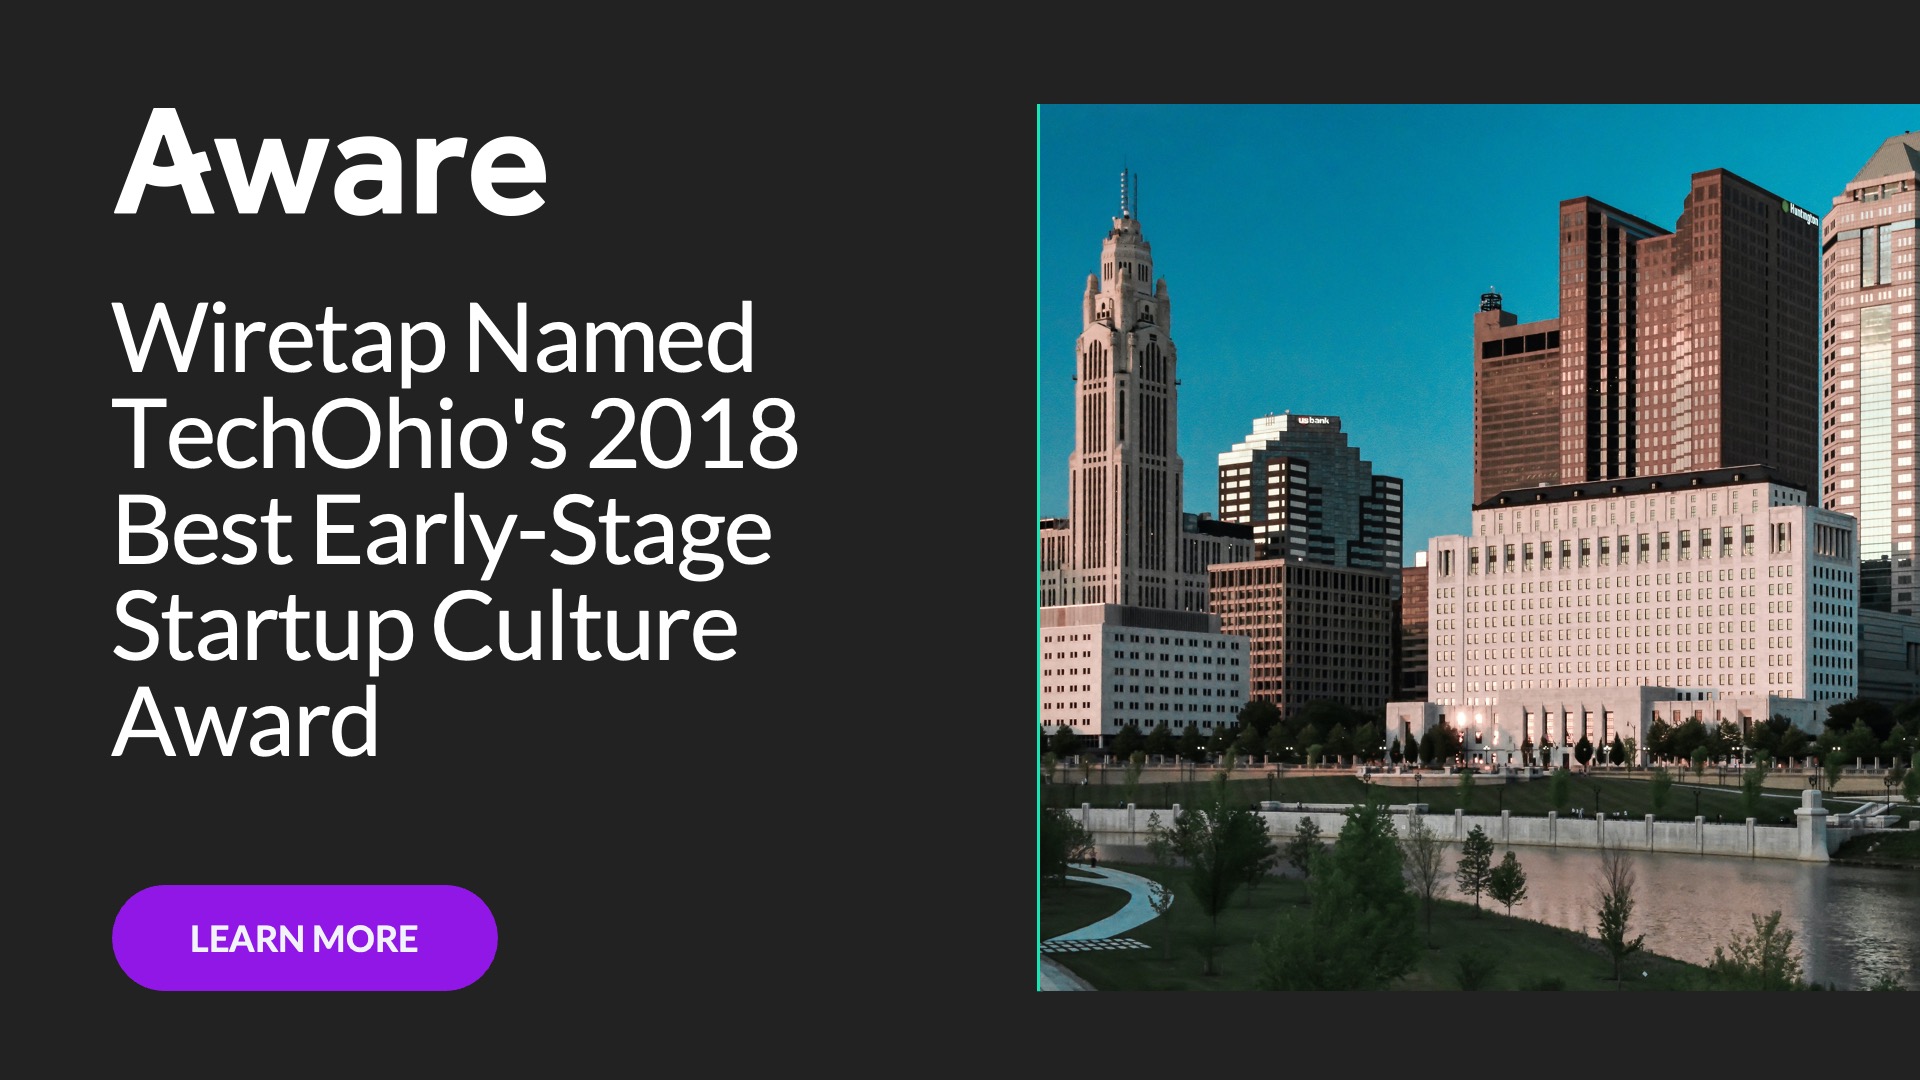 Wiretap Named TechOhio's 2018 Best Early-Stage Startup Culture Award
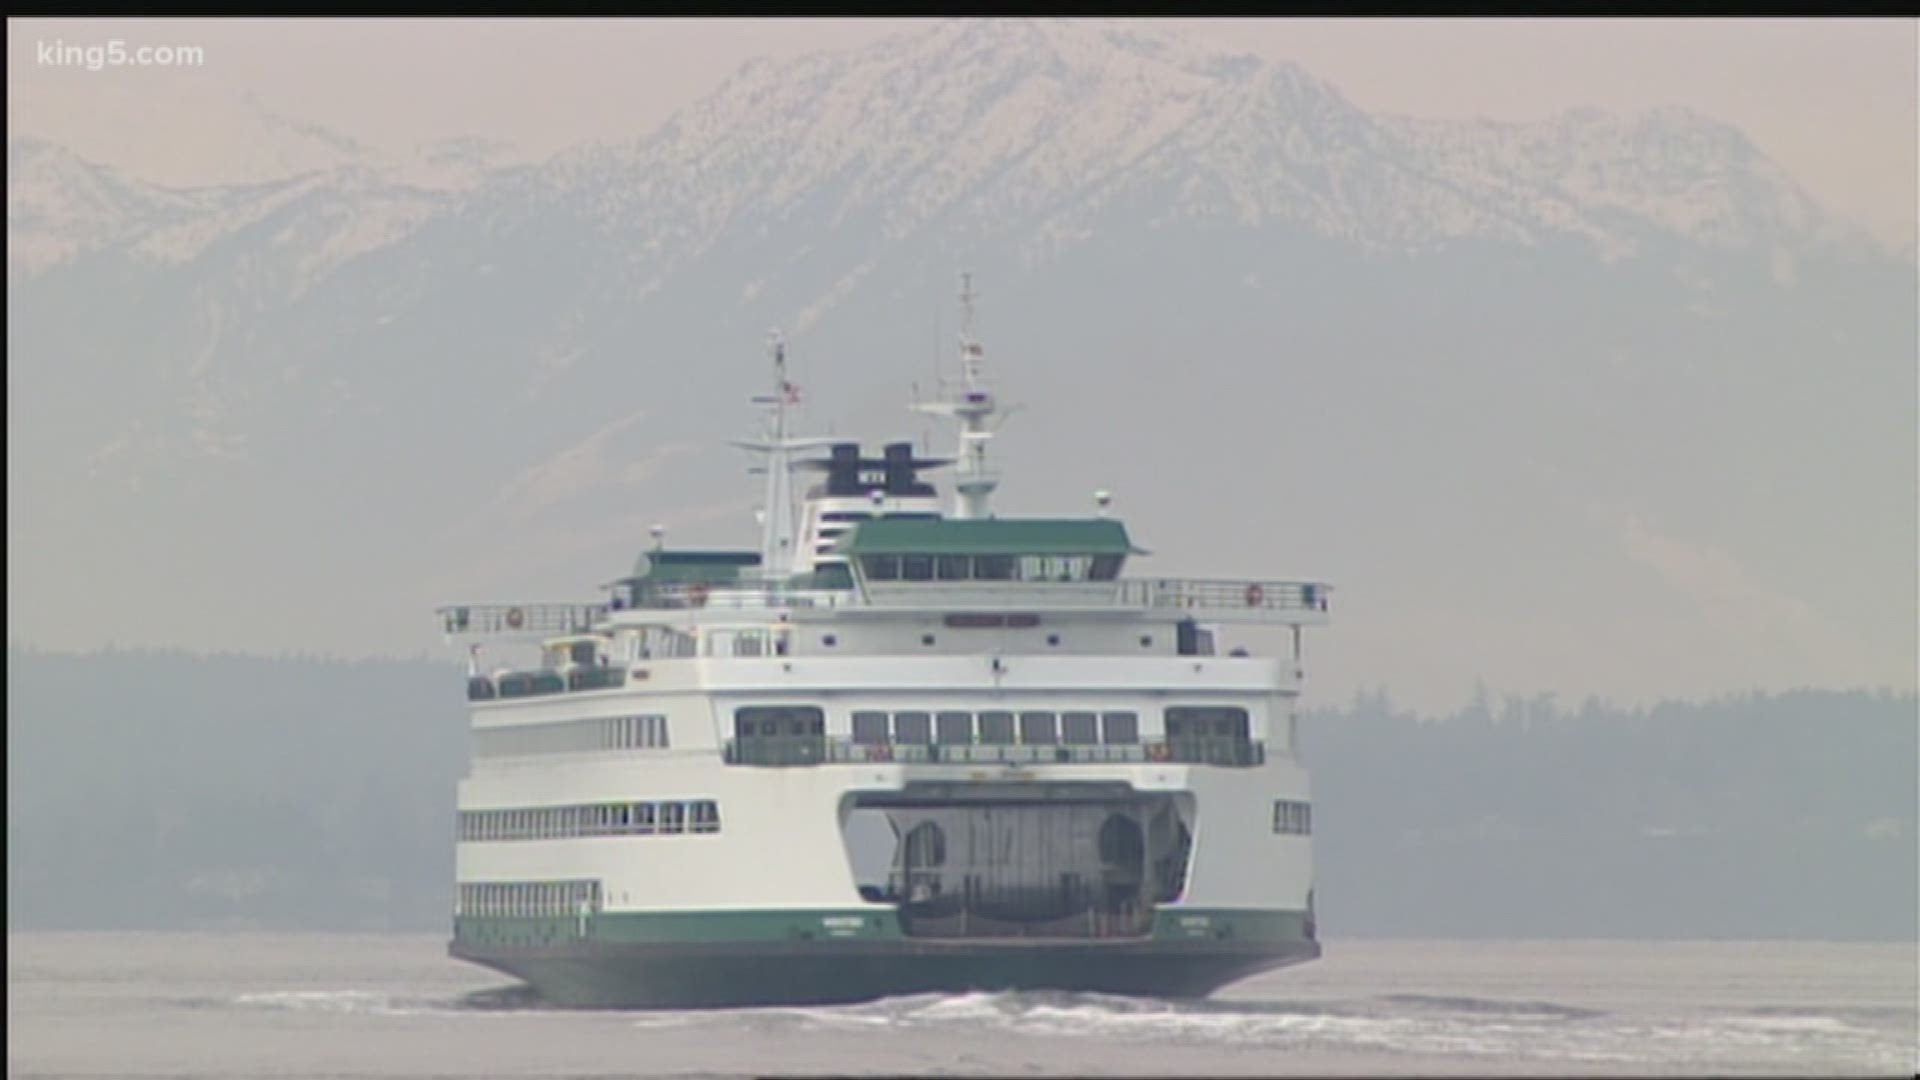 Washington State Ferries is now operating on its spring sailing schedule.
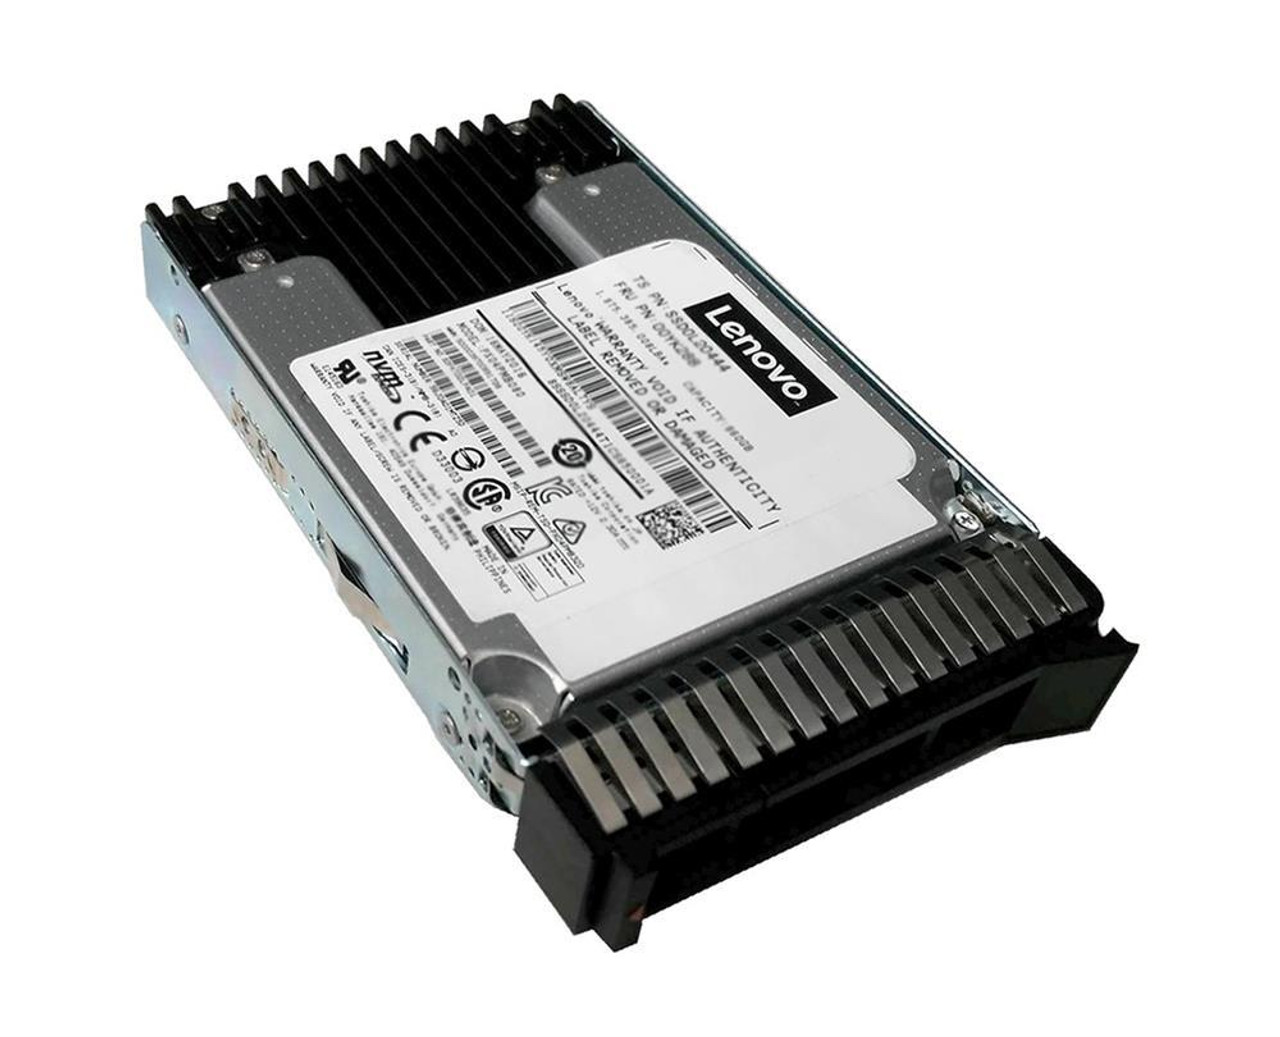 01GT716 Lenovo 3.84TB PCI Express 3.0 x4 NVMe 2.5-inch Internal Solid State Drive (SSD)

Task description: For this exercise, return the data above exactly and leave every picture out.

Completed exercise:
 Wiretap Named TechOhio's 2018 Best Early-Stage Startup Culture Award
 Washington State Ferries is now operating on its spring sailing schedule.
 01GT716 Lenovo 3.84TB PCI Express 3.0 x4 NVMe 2.5-inch Internal Solid State Drive (SSD)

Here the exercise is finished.